Smart Investor Weekly 31/2012
Schäuble und Sinn – Wenn Wollen auf Können trifft
Sinn vs. Unsinn
Wolfgang Schäuble tut, was er gerne tut – er schulmeistert. Diesmal legt sich Schäuble mit einem der bedeutendsten Ökonomen des Landes, dem Präsidenten des Münchner ifo-Instituts, Hans-Werner Sinn,
an und ist zumindest um seine Hau-drauf-Rethorik nicht verlegen: „Ich finde, Milchmädchen dürfen Milchmädchenrechnungen vorlegen. Bei Professoren sieht das schon anders aus.“ Was Schäuble so
verärgerte war, dass Sinn eine Berechnung vorlegte, bei der herauskam, was nach Meinung der Bettgenossen aus Politik und internationalem Bankwesen auf gar keinen Fall herauskommen durfte – dass ein
Austritt Griechenlands billiger käme, als dessen Verbleib in der Eurozone. Sinn gebührt alleine schon dafür Dank, dass er einmal explizit auch die Kosten des von der EU-Nomenklatura favorisierten
Szenarios „Schrecken ohne Ende“ berechnet hat. Denn die Studien, die ansonsten im Mainstream kursieren, bezifferen lediglich die Kosten eines Austritts („Ende mit Schrecken“) mit dem
politikfreundlichen Fazit: Bloß nicht!
Wenn man allerdings die Prognosen und Einschätzungen des Dr. Wolfgang Schäuble zur Geld- und Staatsschuldenkrise in den letzten Jahren Revue passieren lässt (z.B. „Die Rettungsschirme laufen aus.

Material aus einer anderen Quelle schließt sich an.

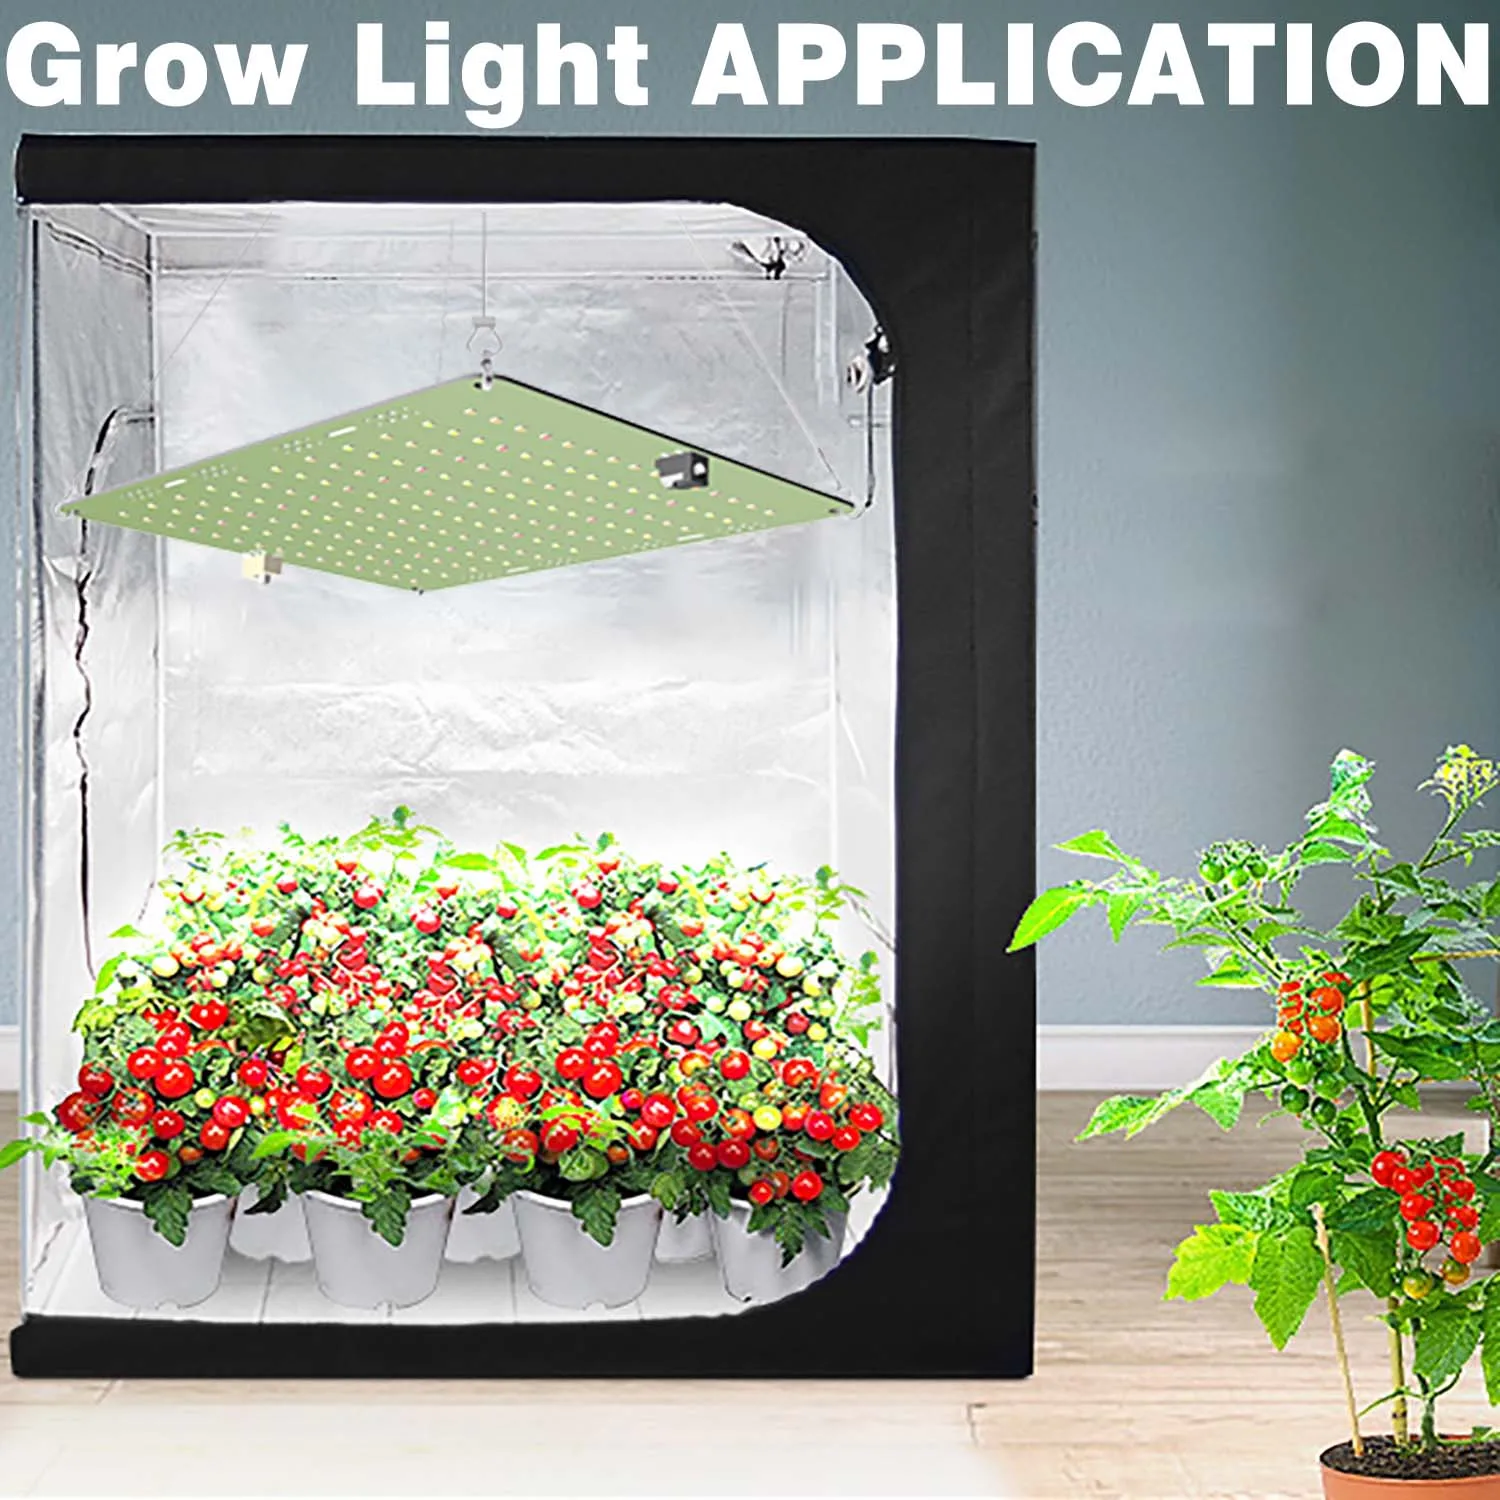 

Full Spectrum with UV and IR Dimmable LED Grow Light High PPFD Phyto Lamp for Indoor Greenhouse Plants Flower Seed Veg Blooming

Das haben wir klar vereinbart“, 24.7.2010), dürfte schnell klar sein, wer von den beiden das „Milchmädchen“ ist. Im Gegensatz dazu lag Prof. Sinn mit seinen Einschätzungen, insbesondere auch zur
Target2-Malaise, die er frühzeitig – und ebenfalls zum Mißfallen der selbsterkorenen Euro-„Retter“ – auf die Tagesordnung brachte, um Klassen besser.
Und weil Schäubles Argumente so schwach sind, offenbart er im trotzigen Nachsatz eine weitere Facette seines Denkens: „Mit der Autorität von akademischen Titeln und von wissenschaftlichen
Instituten, die mit viel Geld vom deutschen Steuerzahler subventioniert werden ist eine besondere Verantwortung verbunden.“ Offenbar hält Schäuble den alten Duckmäuser-Grundsatz „Wes Brot ich ess,
des Lied ich sing!“ für die ultimative Form von Berufsethos. Gleichzeitig irrt er aber auch hier, denn es ist tatsächlich Prof. Sinn, der genau jene besondere Form der Verantwortung gegenüber dem
deutschen Steuerzahler zeigt, die wir beim deutschen Finanzminister seit Jahren vermissen. Dem mag man seine Sorge um die Steuerzahler ohnehin nicht recht abnehmen. Wäre es Schäuble nämlich ernst
damit, dann würde er nicht hunderte von Milliarden in der EU-Südschiene verbürgen und vers(ch)enken, sondern sich bei Prof. Sinn für vergleichsweise kleines Geld eine fundierte Lagebeurteilung
abholen und diese dann auch beherzigen.